- Task details: Reproduce the full listing below exactly. Do not include the pictures.

- Information shown:
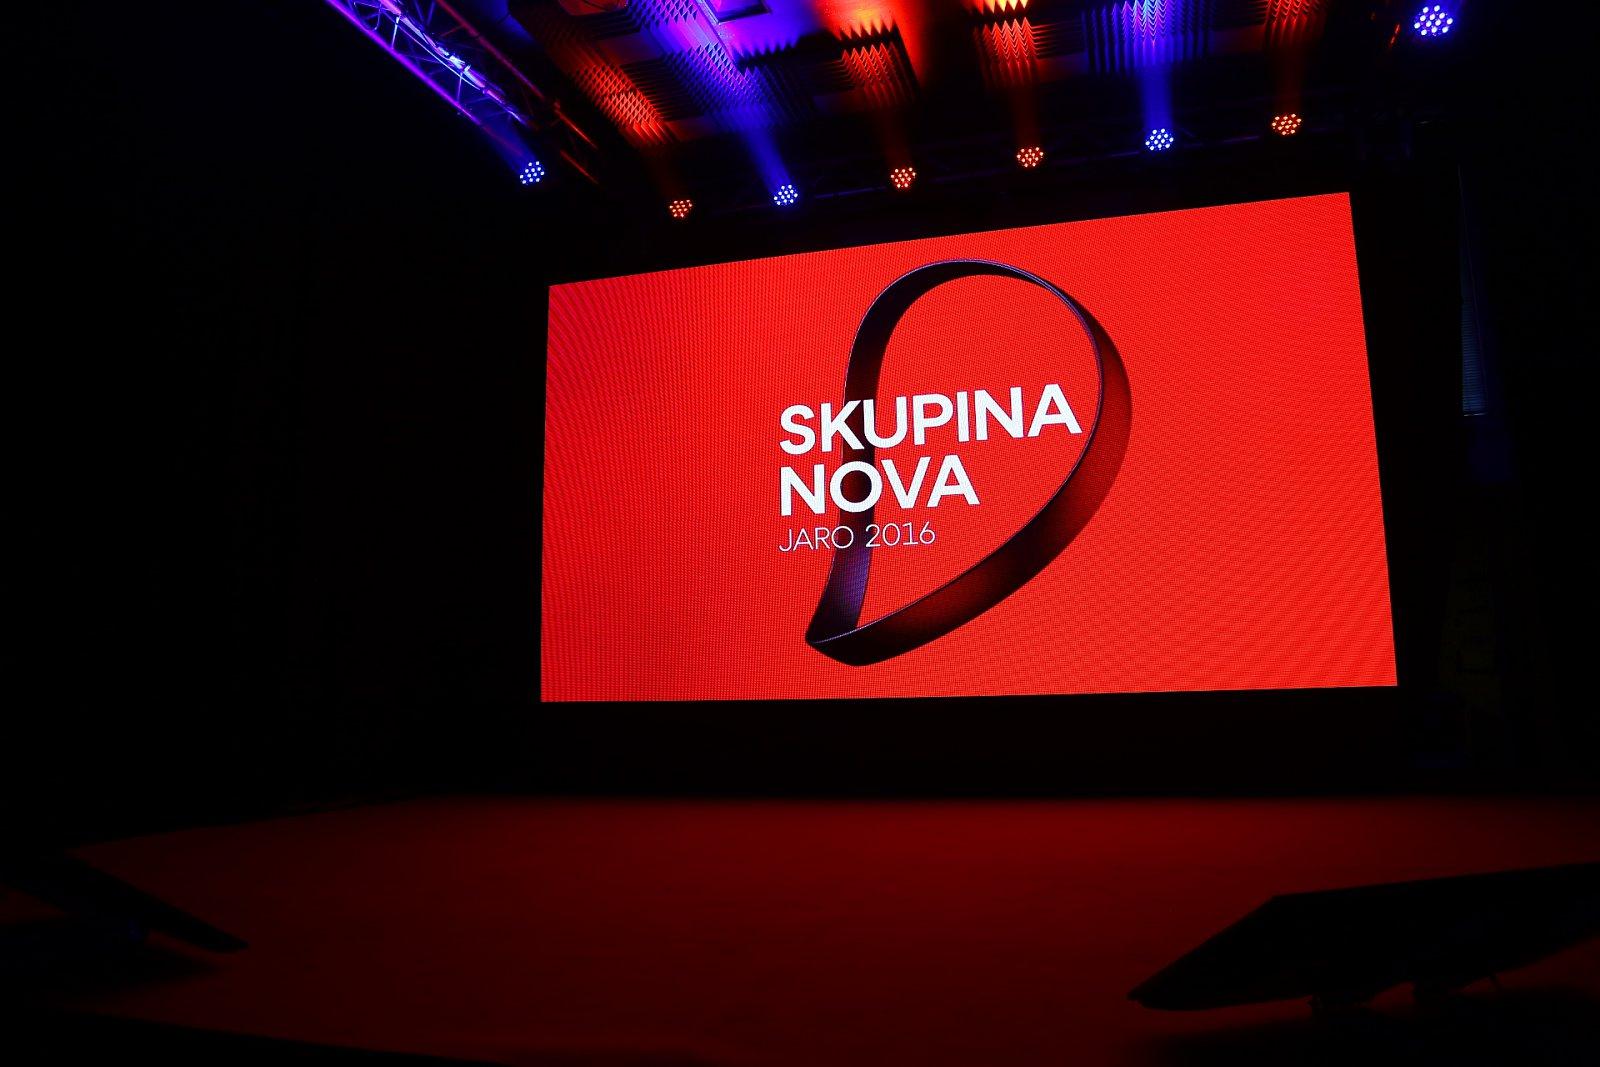 Tisková konference televize Nova - jaro 2016
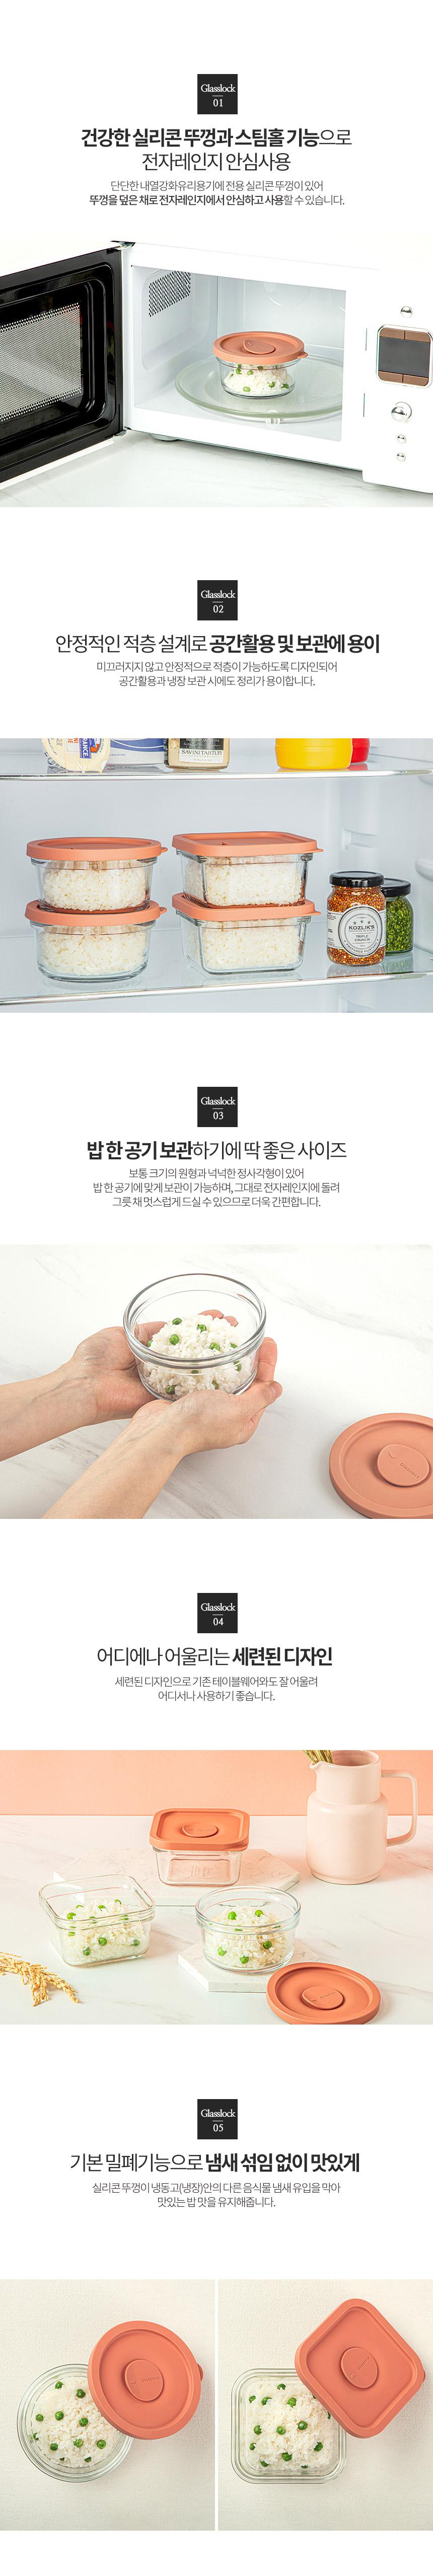 렌지쿡 촉촉한 햇밥용기 원형 350ml_02.jpg
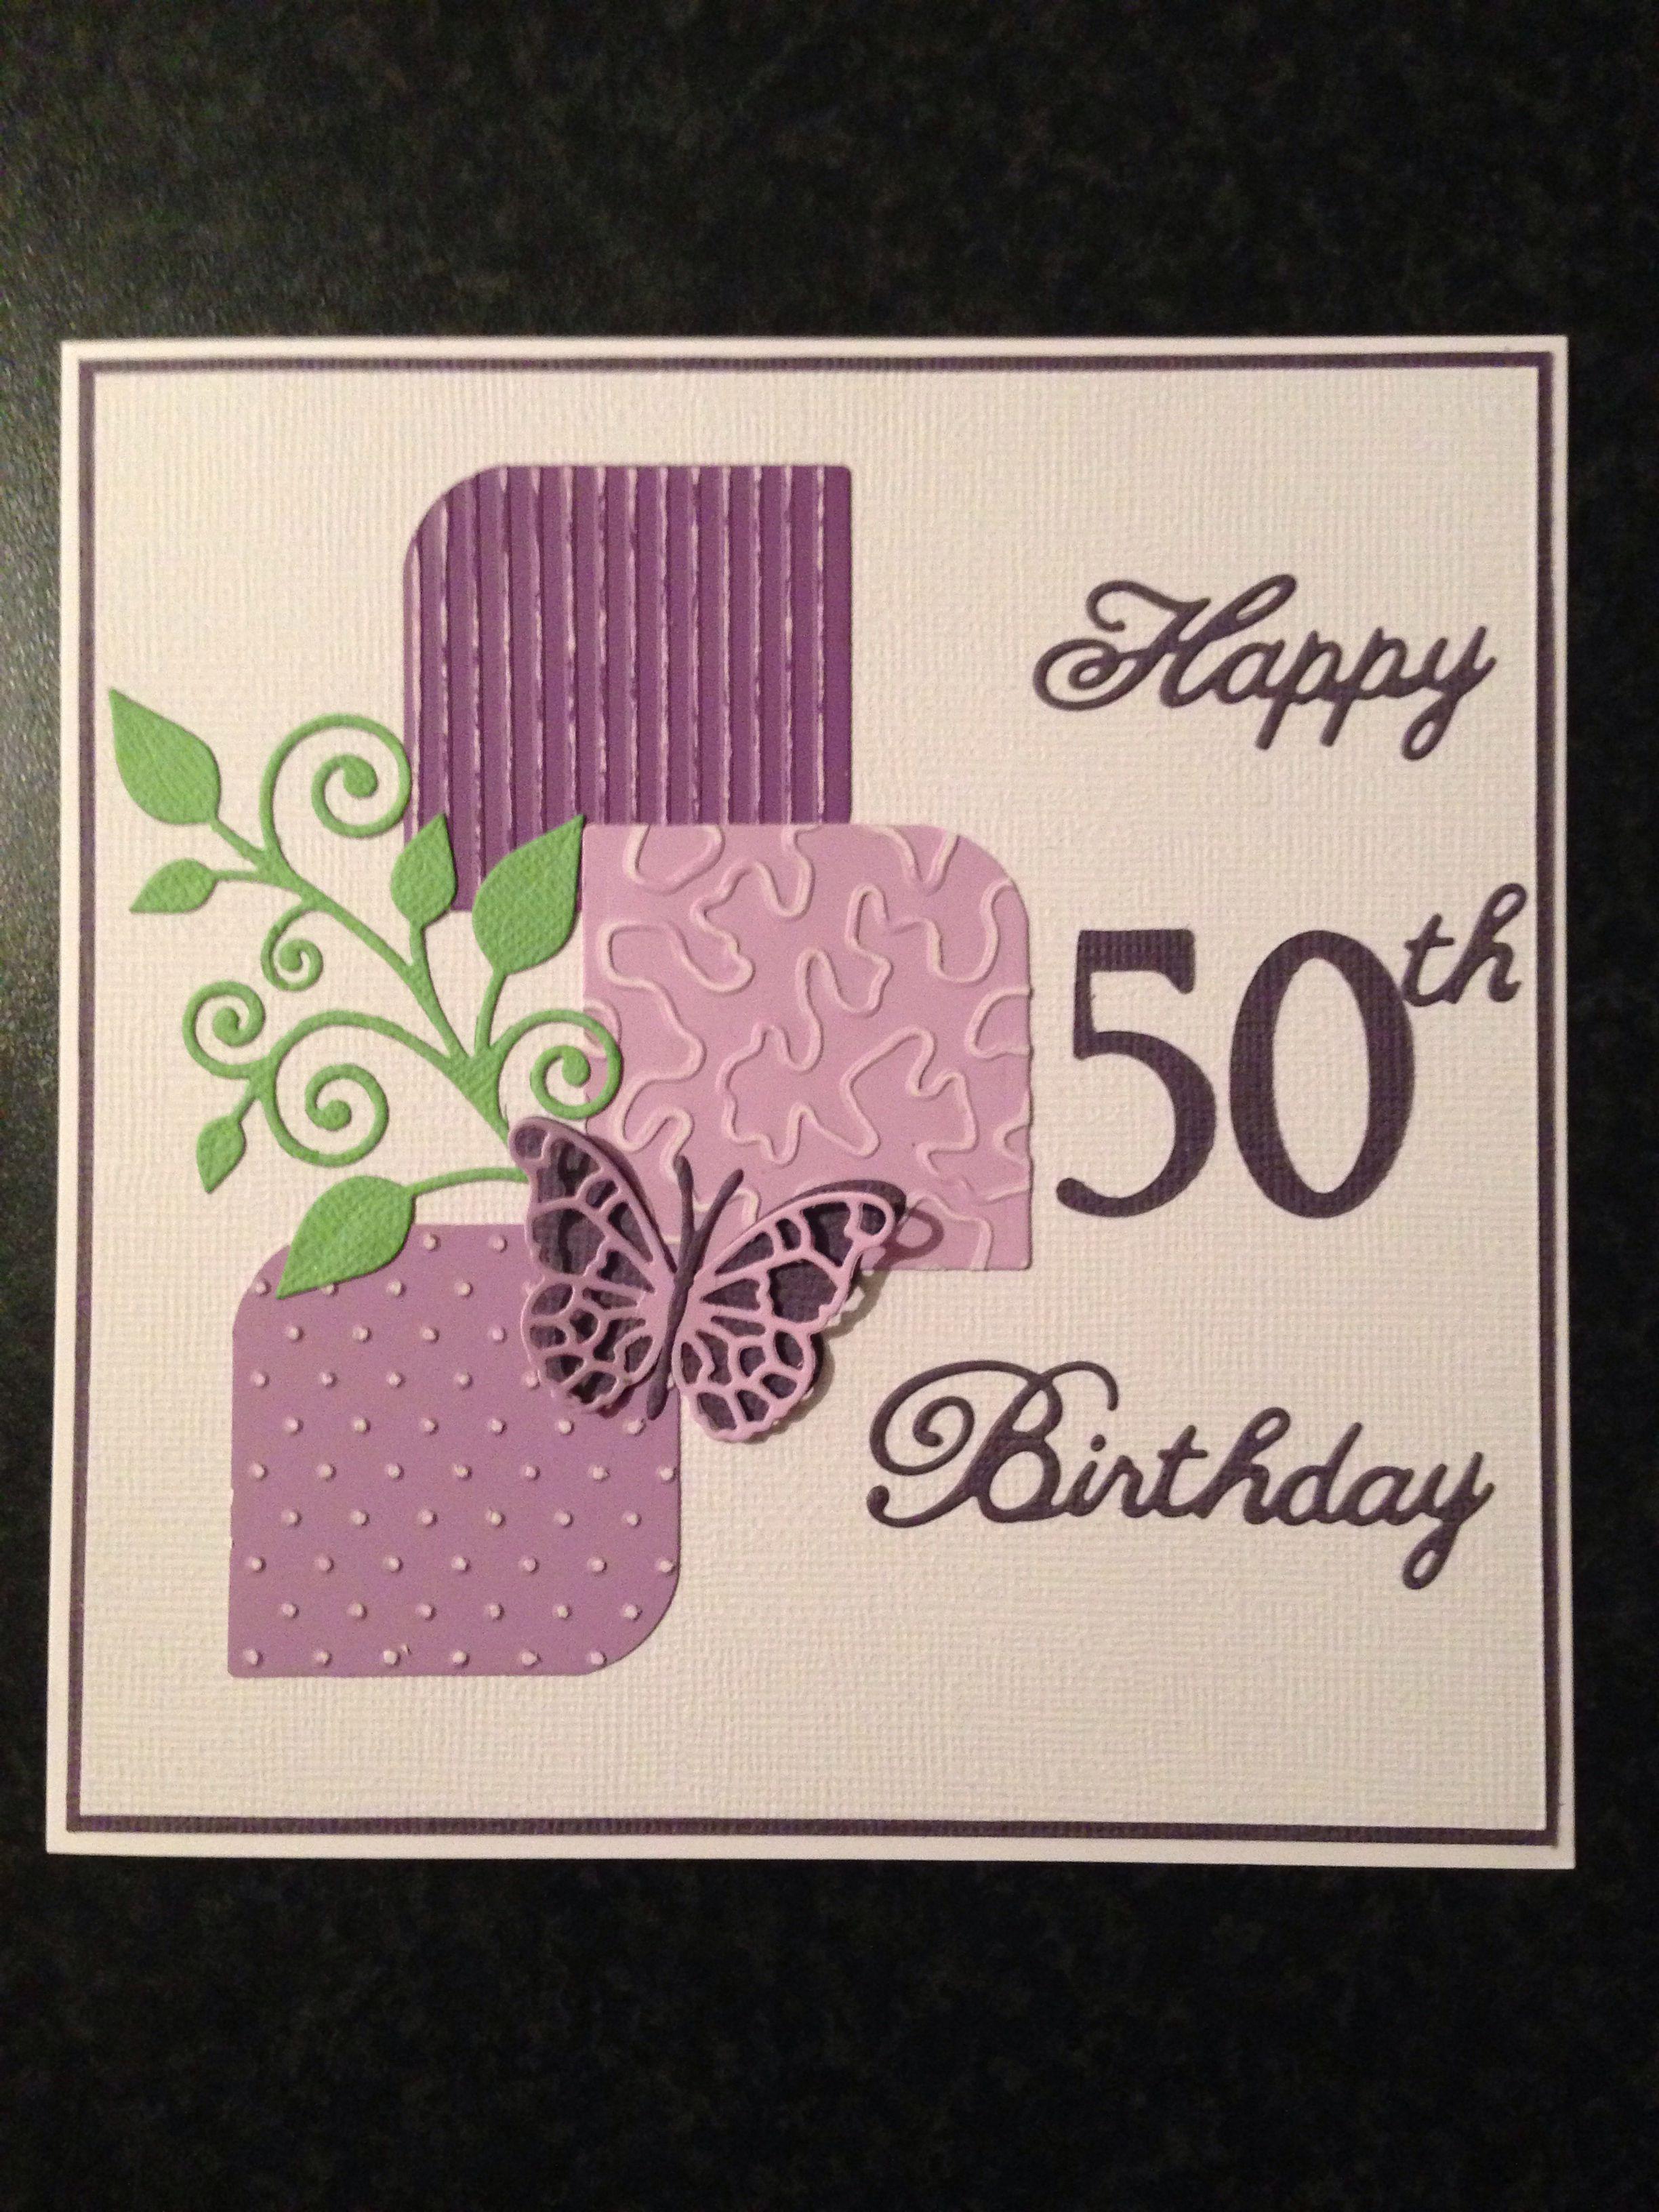 50th Female Birthday Card 50th Birthday Cards For Women Birthday Cards For Women Birthday Cards

- Response:
 Tisková konference televize Nova - jaro 2016
 렌지쿡 촉촉한 햇밥용기 원형 350ml_02.jpg
 50th Female Birthday Card 50th Birthday Cards For Women Birthday Cards For Women Birthday Cards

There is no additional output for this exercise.